Start of Listed records
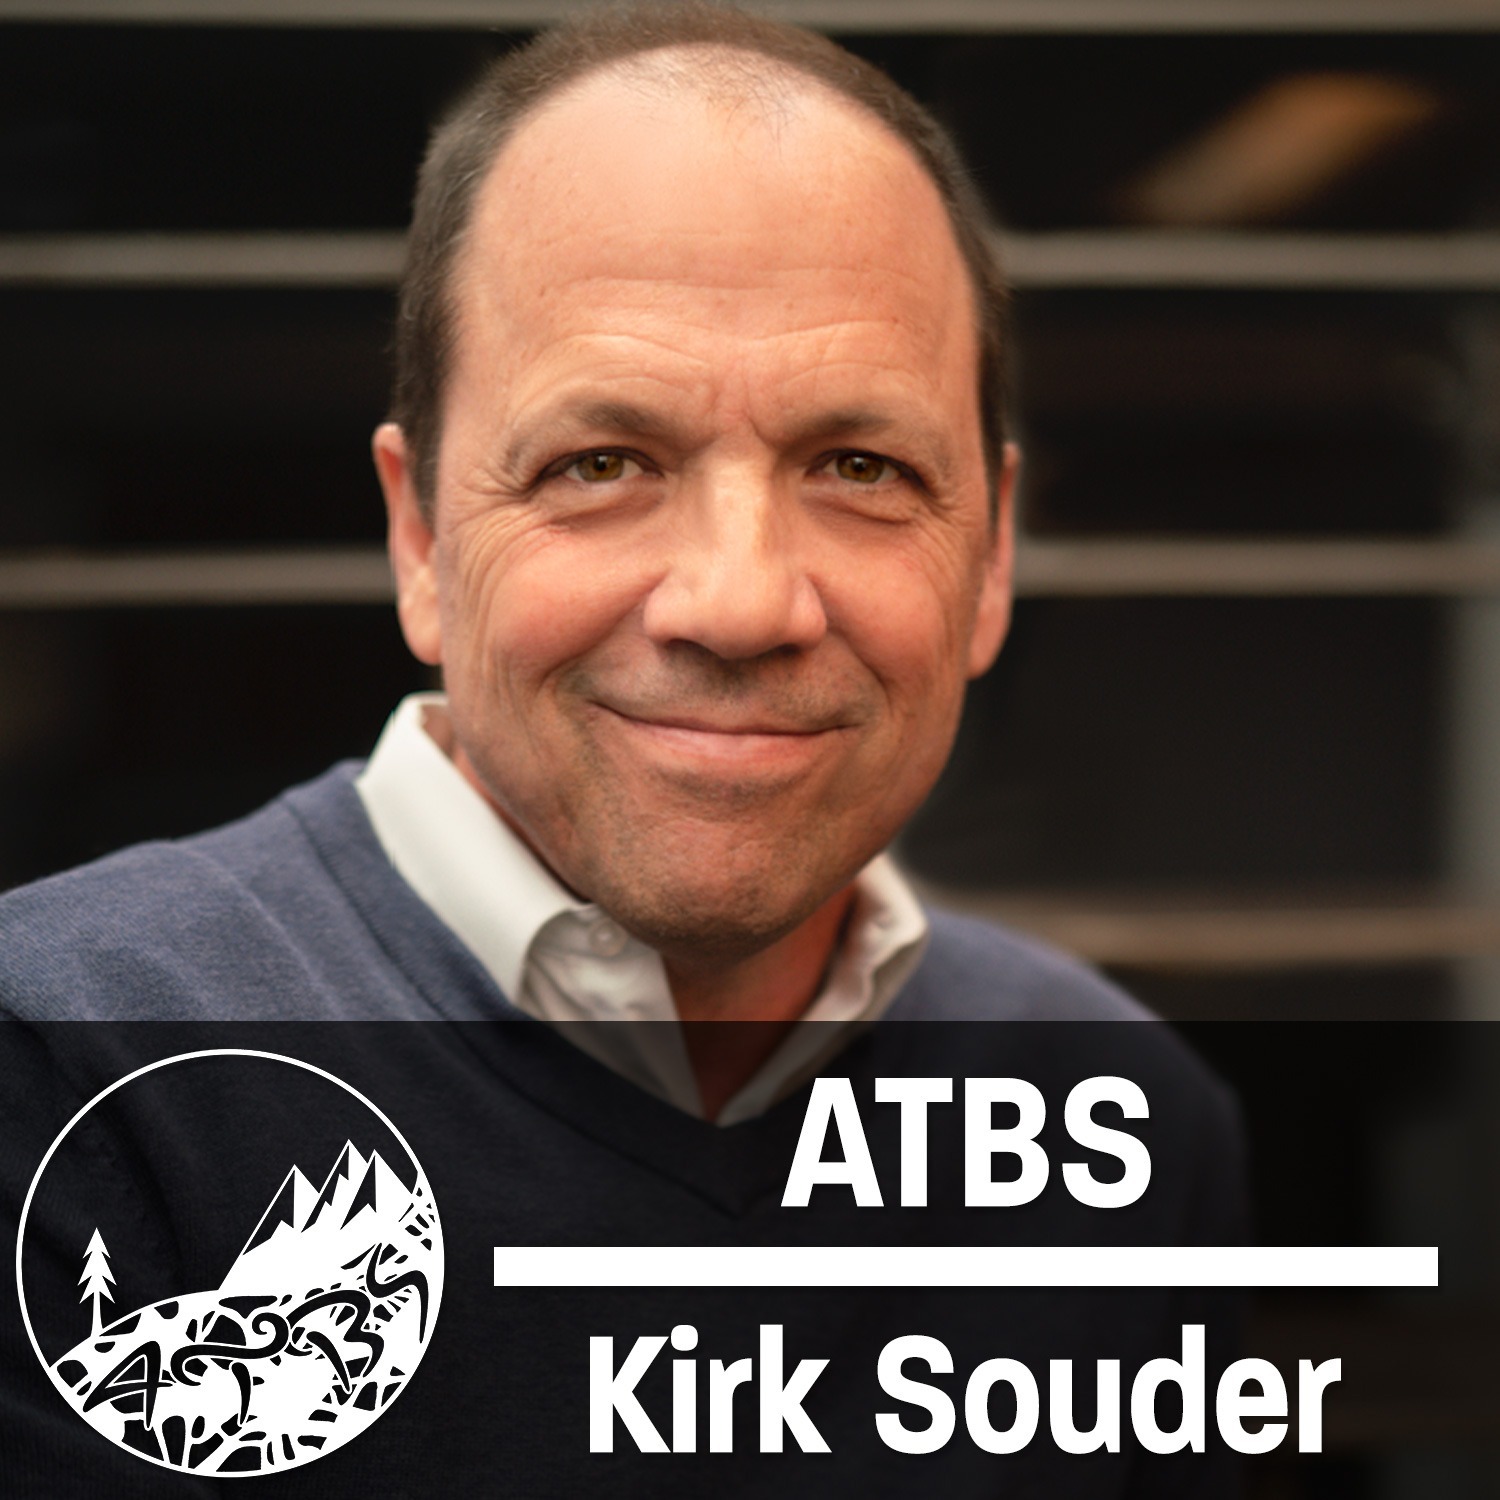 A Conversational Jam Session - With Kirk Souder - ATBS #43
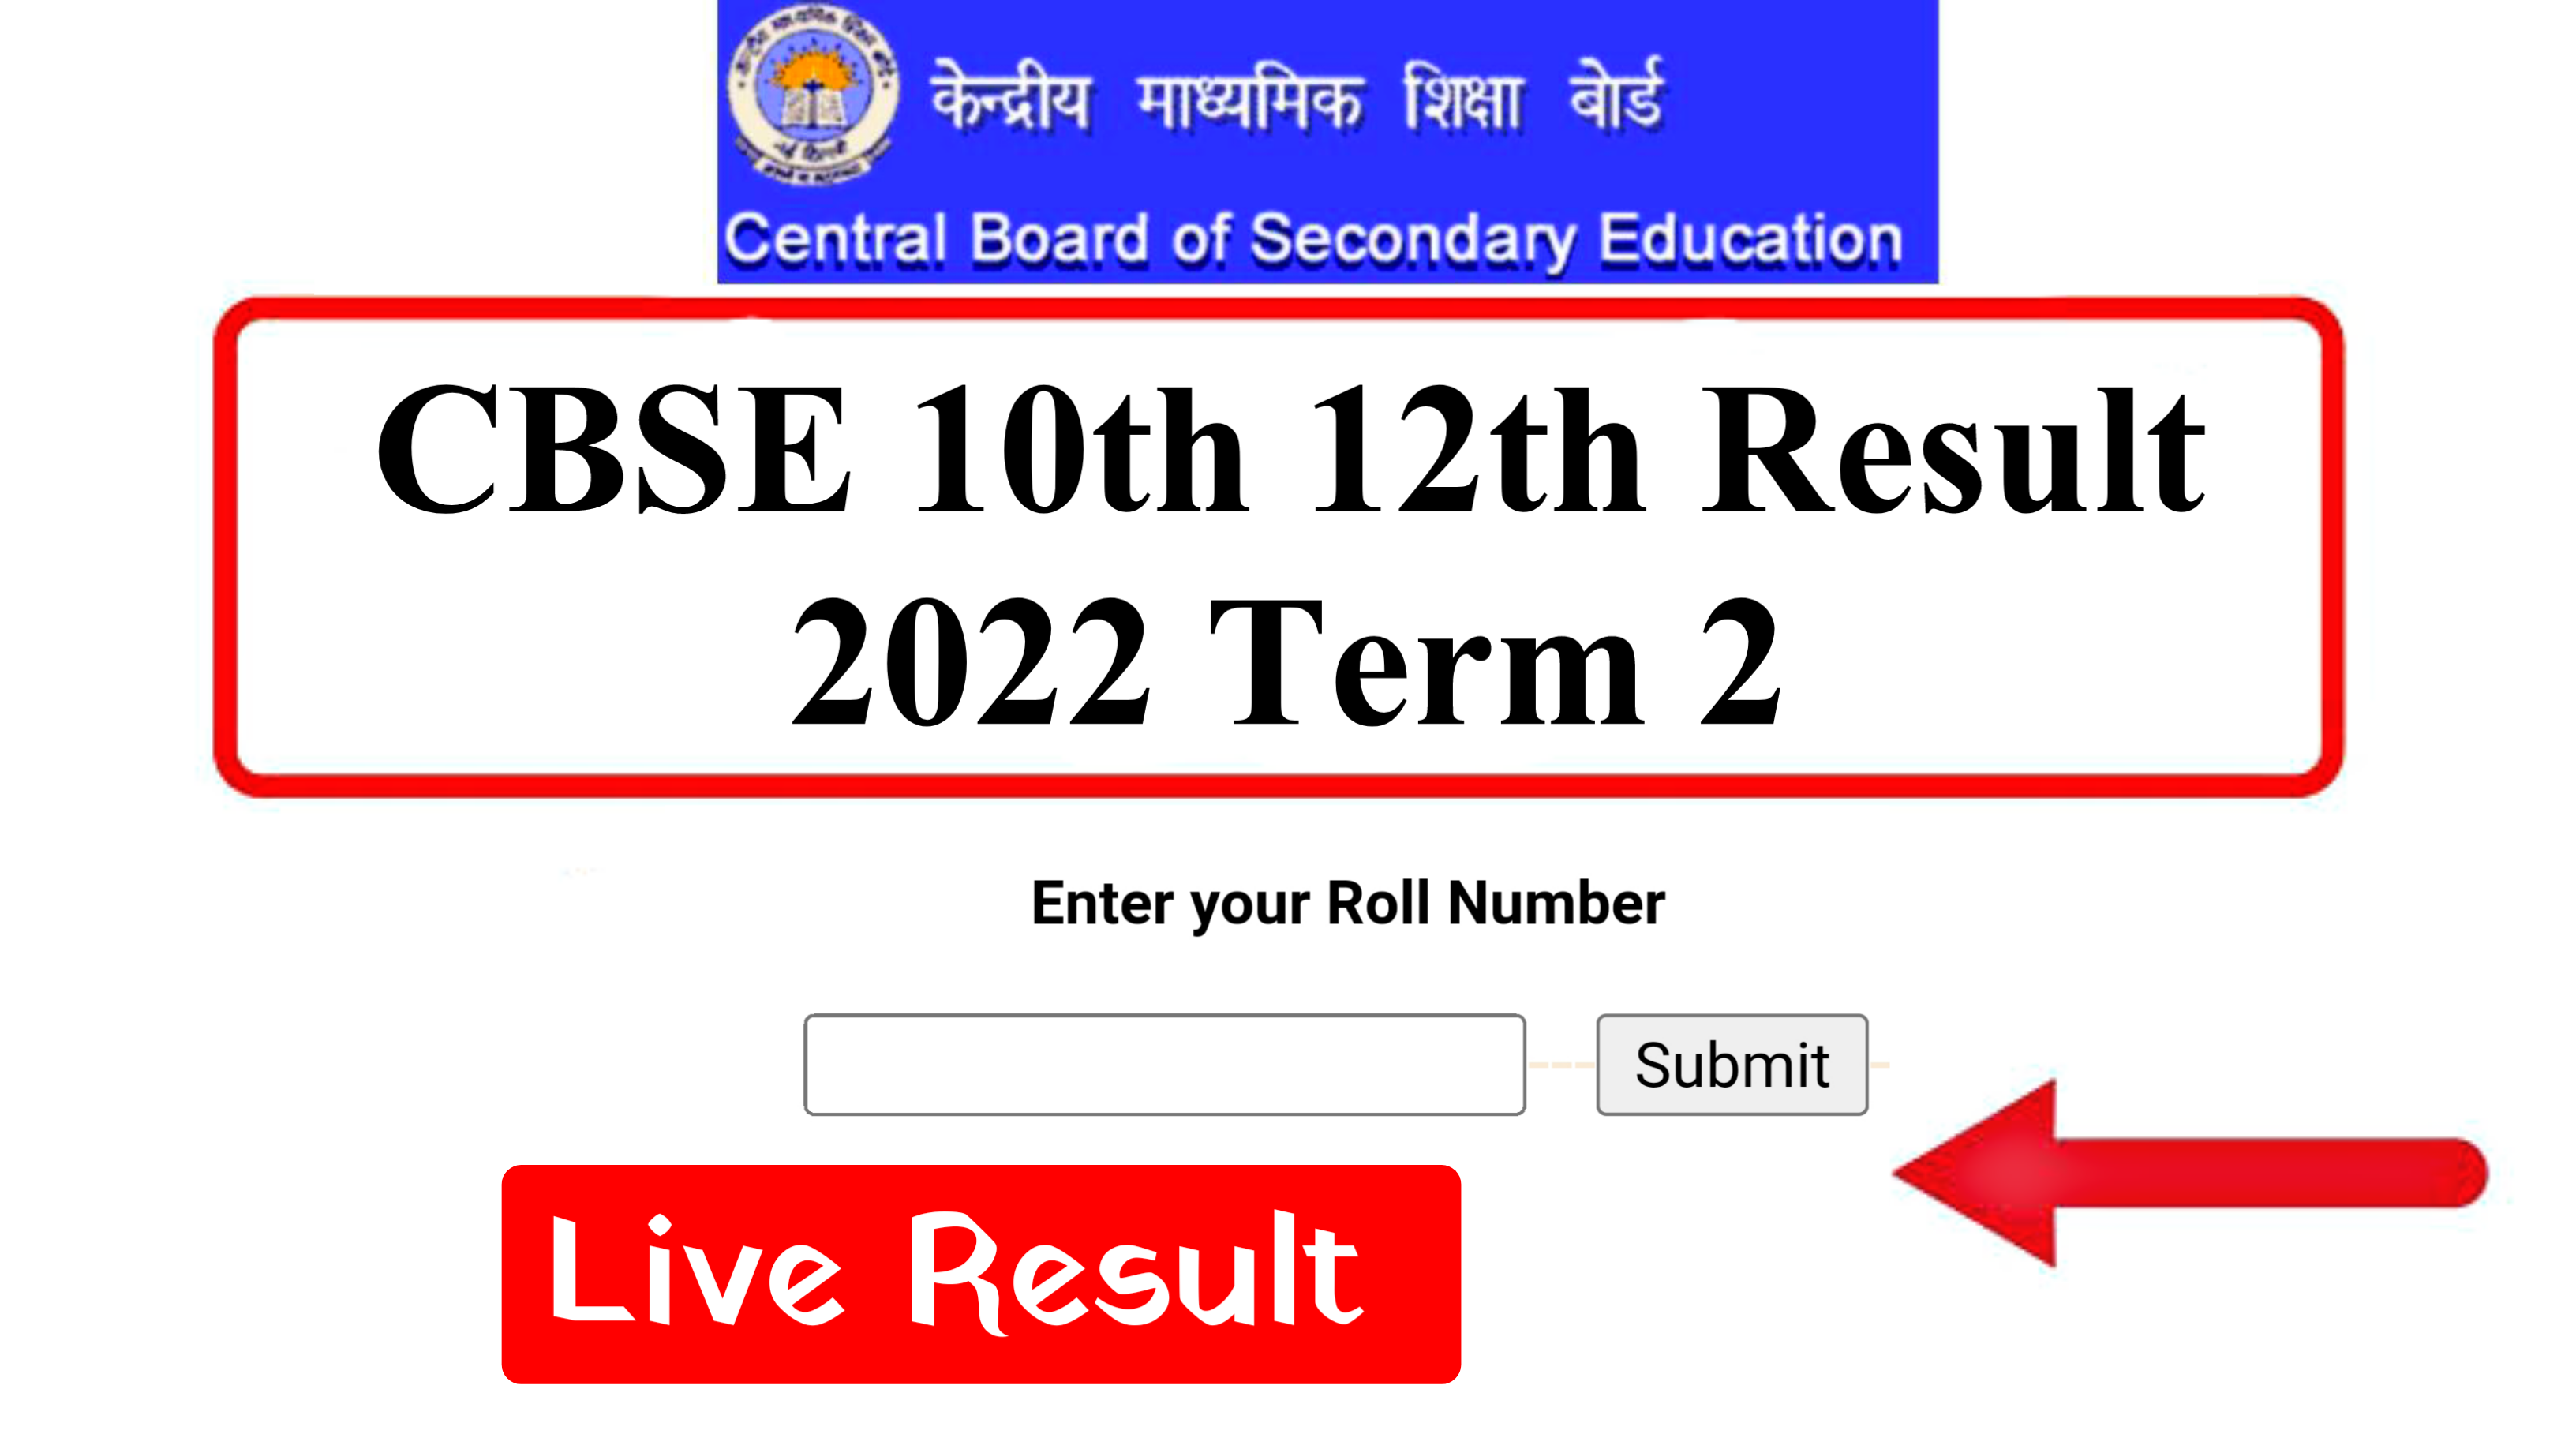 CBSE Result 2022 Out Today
End of Listed records
Start of Listed records
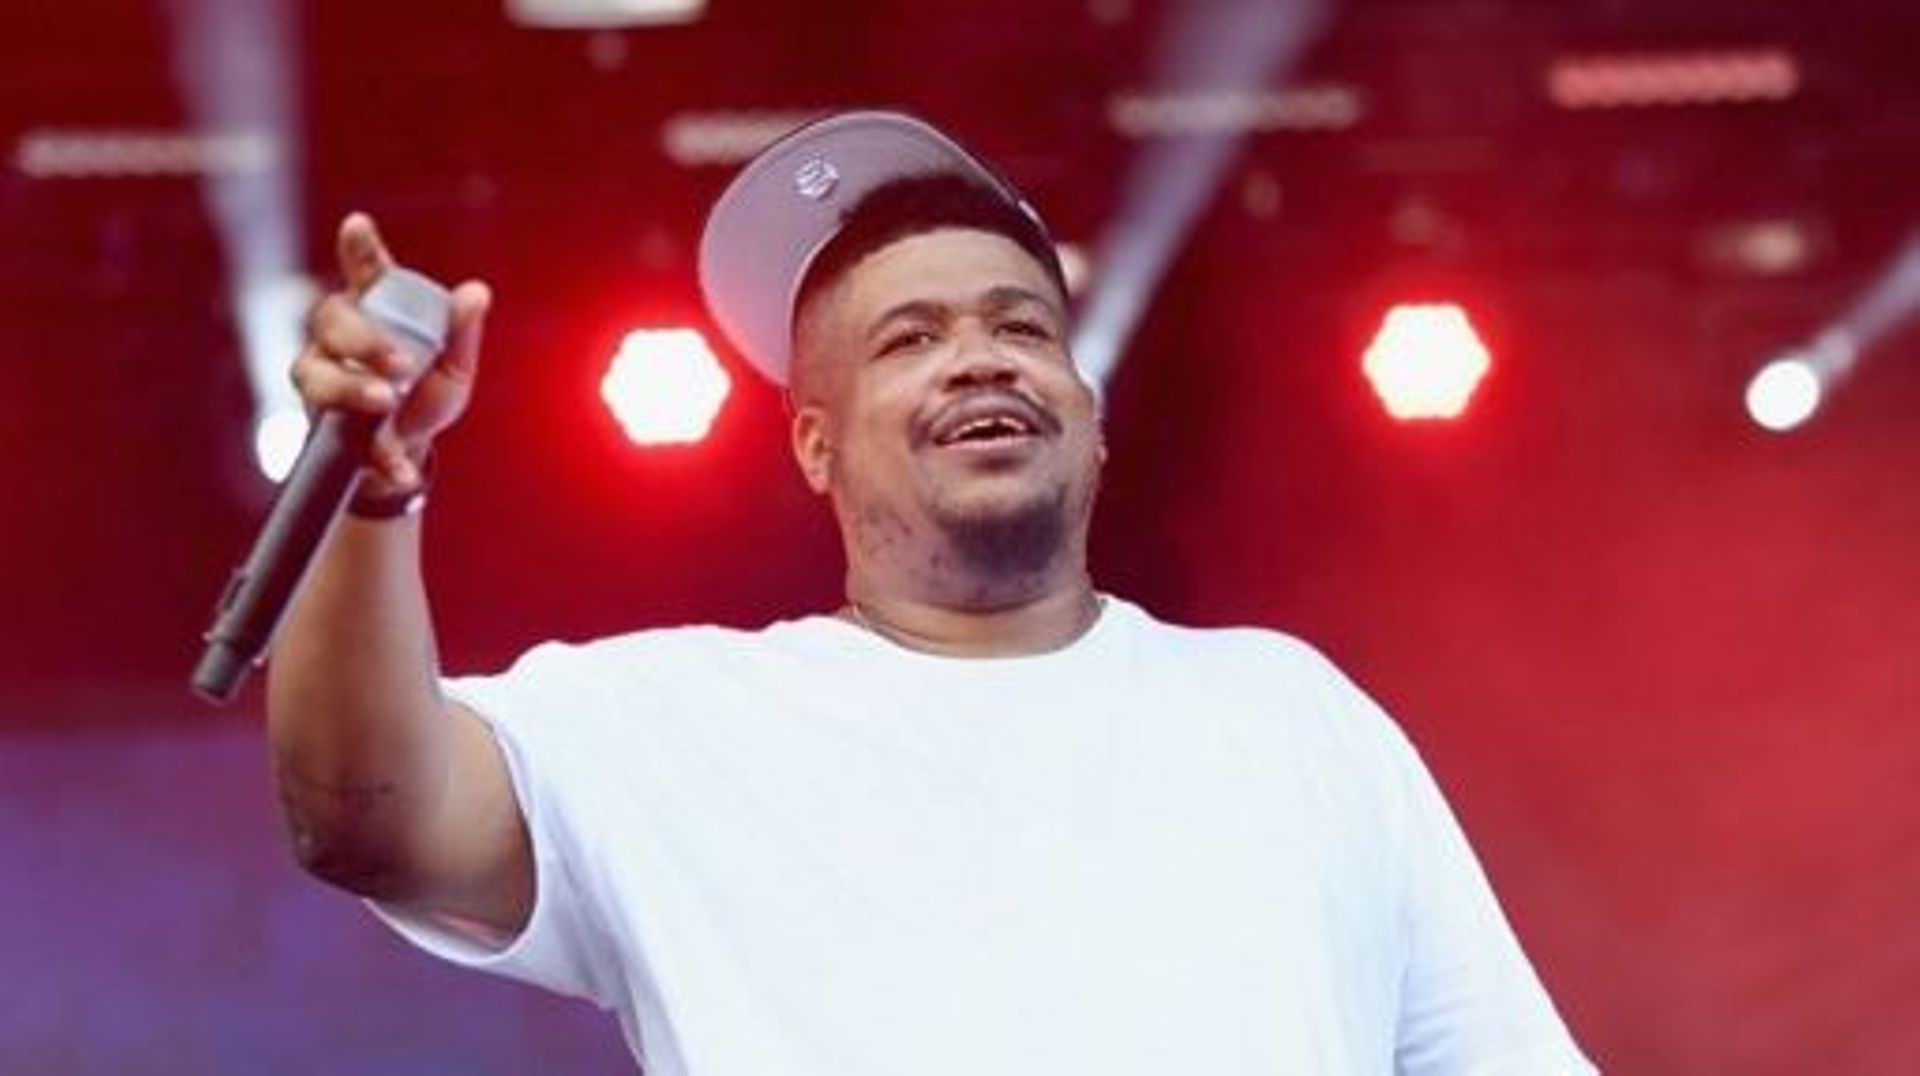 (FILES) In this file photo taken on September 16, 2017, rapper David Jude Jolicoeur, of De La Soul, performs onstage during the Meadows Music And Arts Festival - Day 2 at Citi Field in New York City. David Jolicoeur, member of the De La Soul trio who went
End of Listed records
### Action item
Above are some entries; copy exactly the lines from the line with "A Conversational Jam" through the line with "CBSE Result 2022 Out Today", both included, but none of the pictures.

### Exercise solution
 A Conversational Jam Session - With Kirk Souder - ATBS #43
 CBSE Result 2022 Out Today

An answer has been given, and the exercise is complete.